Bloomreach has introduced a groundbreaking approach to AI-powered marketing automation. Rather than creating individual AI agents for specific tasks, Bloomreach's Loomi AI can automate the entire marketing workflow [1]. When prompted with a campaign request, Loomi builds the complete campaign, including segmentation, content creation, design assets, workflow triggers, channel selection, and analytics. This end-to-end automation addresses a key challenge in marketing: the bottleneck of creating numerous individual customer journeys.
Amanda Cole, Bloomreach CMO, explains that this approach is possible due to Bloomreach's unique position in having access to revenue data and campaign history, allowing them to build a comprehensive campaign taxonomy [1]. This enables Loomi to understand campaign intent and optimize based on past performance.
Sitecore, a leading digital experience platform (DXP) provider, has unveiled Sitecore Stream, an enterprise-ready AI solution built on Microsoft Azure OpenAI service [2]. Stream aims to orchestrate a seamless marketer experience across Sitecore's solutions, including XM Cloud, Content Hub, and the Experience Platform.
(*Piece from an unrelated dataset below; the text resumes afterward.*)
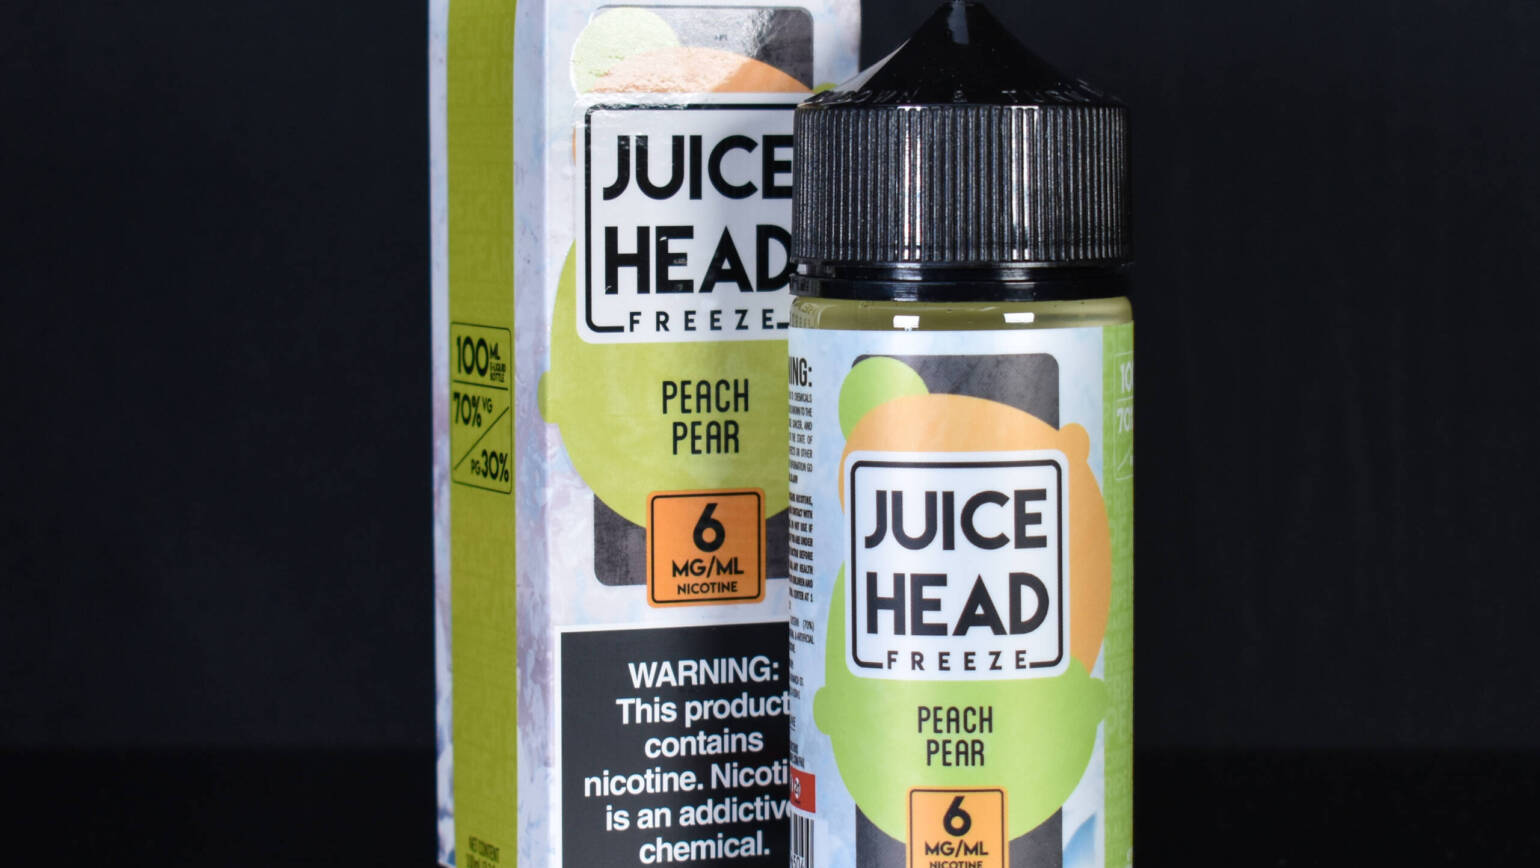 Juice Head – Peach Pear FREEZE

Key features of Sitecore's AI implementation include:
Sitecore's approach focuses on augmenting marketers' capabilities rather than full automation, with co-pilots working alongside human users to suggest actions and improvements [2].
Celonis, known for its process mining and intelligence capabilities, has introduced AgentC, a suite of AI agent tools that leverage the company's Process Intelligence Graph [3]. This graph provides a unifying data layer across enterprise systems, offering crucial context for AI agents to understand complex business operations.
Alex Rinke, Celonis co-CEO, emphasized the importance of this context, stating that without it, general-purpose AI like ChatGPT fails to provide meaningful insights for specific business scenarios [3]. AgentC aims to bridge this gap by combining process intelligence with AI capabilities.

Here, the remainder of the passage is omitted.